“Allred is daring Portland directors to think bigger, grander, and zanier." - bennet Campbell Ferguson - Journalist
writer, director, producer, cinematographer, editor, reality-architect
“I immediately recognized her as a compelling and original talent, someone whose work should be supported in every way. Her broad perspective on human nature is vividly evident in this script, as is her remarkable openness of heart. She takes the ordinary, blends the known and unknown, yet provides no easy explanations. Her gift is to love it all passionately and compassionately.” - Ellen Parks, Casting Director/Professor at NYU Tisch & Columbia University
Welcome to my personal artist’s website, where I get weirder and wilder.
My production company site can be found here: Allred Films.
What is art if not a vehicle for liberation? To make art is to stretch into the far reaches of imagination, to pierce the veil of hidden desires, to embrace truths that even the bravest among us fear exposing.

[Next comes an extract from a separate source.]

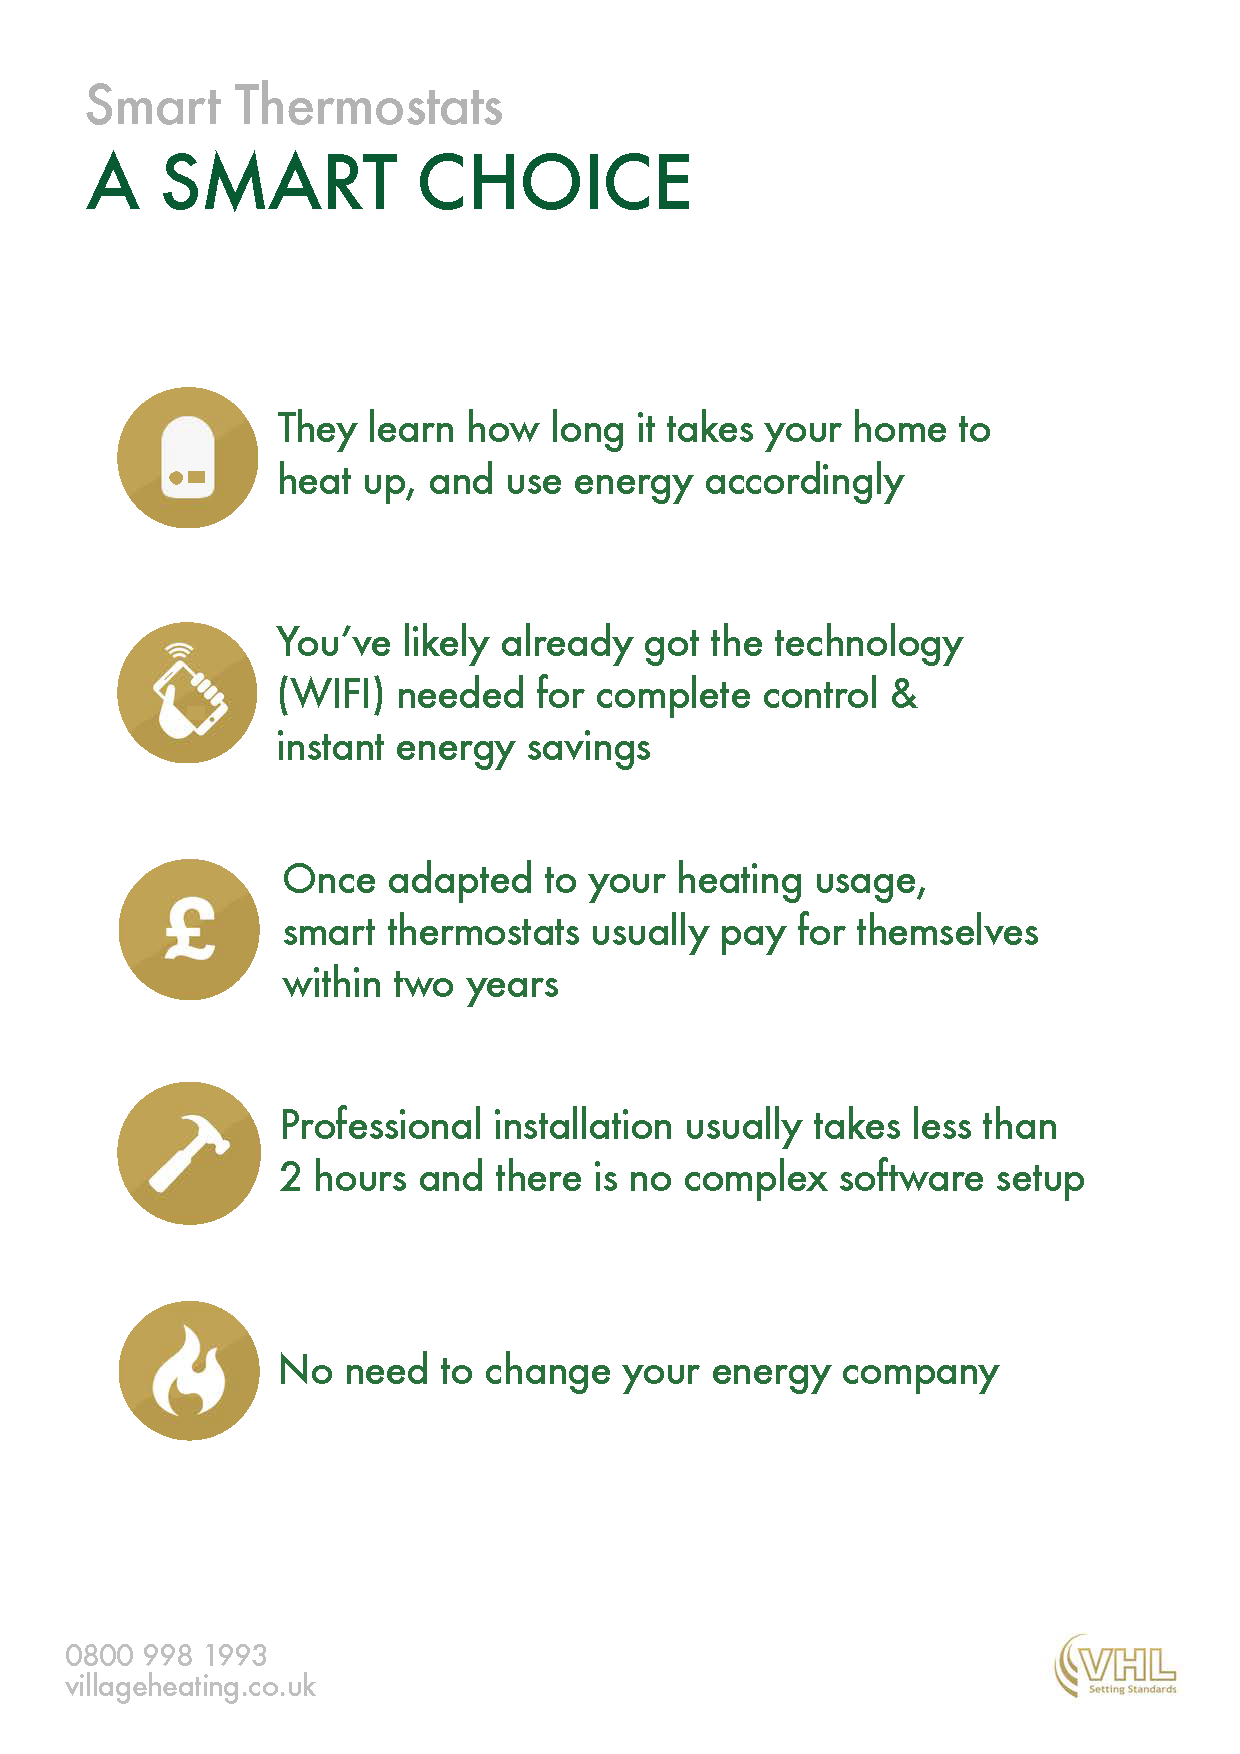 Smart thermostat benefits list
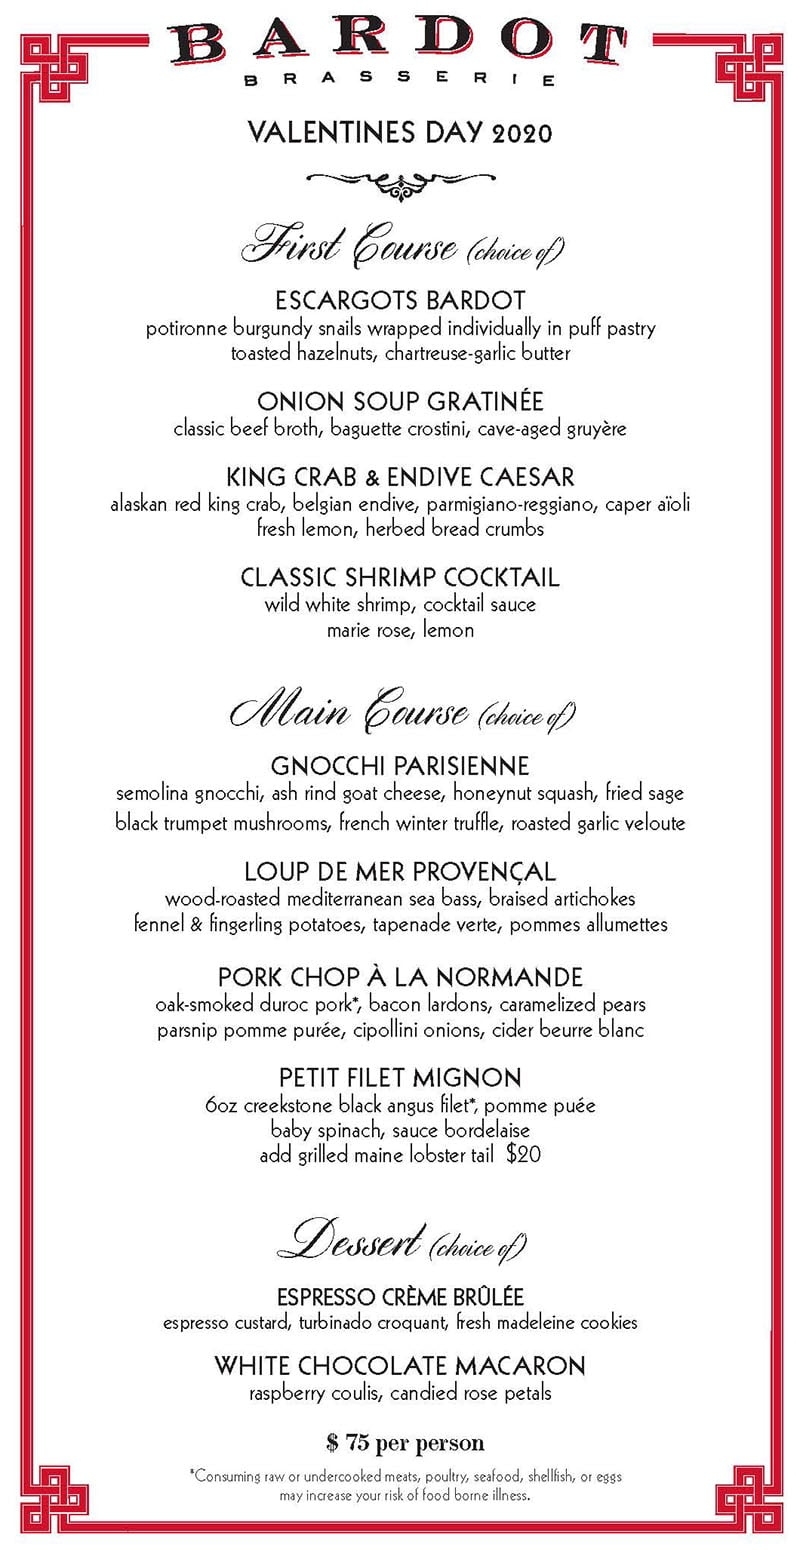 BARDOT Brasserie Valentines Day menu

Process-Oriented Filmmaking: Art and Reality Interwoven
While my primary medium is film—as a screenwriter, director, producer, cinematographer, and editor—I’d argue that my true medium is reality itself. Art is not a product but a process, a constant unfolding, where perception is the primary tool. Through our interaction with what appears to be the “outer” world, we architect the reality around us. I explore this deeper in my essay The Metaverse vs. the Holographic Universe—a topic that lies at the heart of my artistic curiosity.
This philosophy led me to develop a unique style of filmmaking, which I used in my first feature film and later in my short film Sacred Fool. I call it process-oriented filmmaking. It’s not just improvisation; it’s a method where the process of making a film—and the real-world events that unfold during its creation—become integral to the story itself.
Art informs reality, and reality informs art. The two begin to blur.
the watcher’s game - Feature film in development
The Watcher’s Game is a feature film that blends science fiction, mysticism, and cinema verité into a vibrant, immersive story about consciousness, perception, and creation. Filmed between Sayulita, Mexico and Chicago, the story follows Elijah, a young man who plays an augmented reality game so intense it begins to alter his perception of the world, and thereby alters reality itself. After “winning” the game, he awakens in a new timeline with no memory of who he is—only fragments that lead him deeper into questions of identity, illusion, and creation.
The film will be shot in a hybrid style that combines lush, intimate cinematography with spontaneous, vérité-inspired moments. It will be colorful, vibrant, and alive—evoking both the sensory richness of the physical world and the shifting nature of perception. I will use layered sound design, dreamlike pacing, and visual reframing to immerse viewers in the character’s inner state as much as the outer world. It will be taut with suspense and tension as Elijah navigates this new timeline, but will also include quiet, meditative reprieves where cinema itself becomes a mirror of perception—where images, sounds, and story slow down to invite contemplation.
The film will be made using my process-oriented filmmaking method, in which real-life events and improvisation become part of the narrative itself. While there is a strong narrative structure and clear story arc, some of the characters, locations, and scenes will emerge organically through the filmmaking process. In this way, the content and the process mirror each other: the film is about reality as a malleable simulation, and it will be created in a way that reflects that philosophy. This method requires deep trust, nimble collaboration, and a small, flexible crew able to respond intuitively to unfolding events.
This filmmaking method is one I’ve developed and refined over time, first with my debut feature film and later in my short, Sacred Fool. In both, I worked with actors whose emotional truths and lived experiences became entangled with the narrative—but just as crucial were the events that unfolded around us in real time. Unplanned interactions, environmental shifts, and spontaneous moments on set often wove themselves into the film’s fabric. This process demands deep presence and vulnerability from both cast and crew. It opens a space for cinematic alchemy, where fiction and life intermingle and the unexpected becomes essential.
The audience’s experience will be one of immersion—emotionally, psychologically, and sensorially. Rather than being handed answers, viewers are invited into a layered, liminal experience where reality bends and questions deepen. The tone will shift between grounded realism and the surreal logic of dreams. As reality fractures and reforms, the viewer is invited into a participatory gaze—one where watching becomes a generative act and they become attuned to the flickering edge where perception gives birth to reality.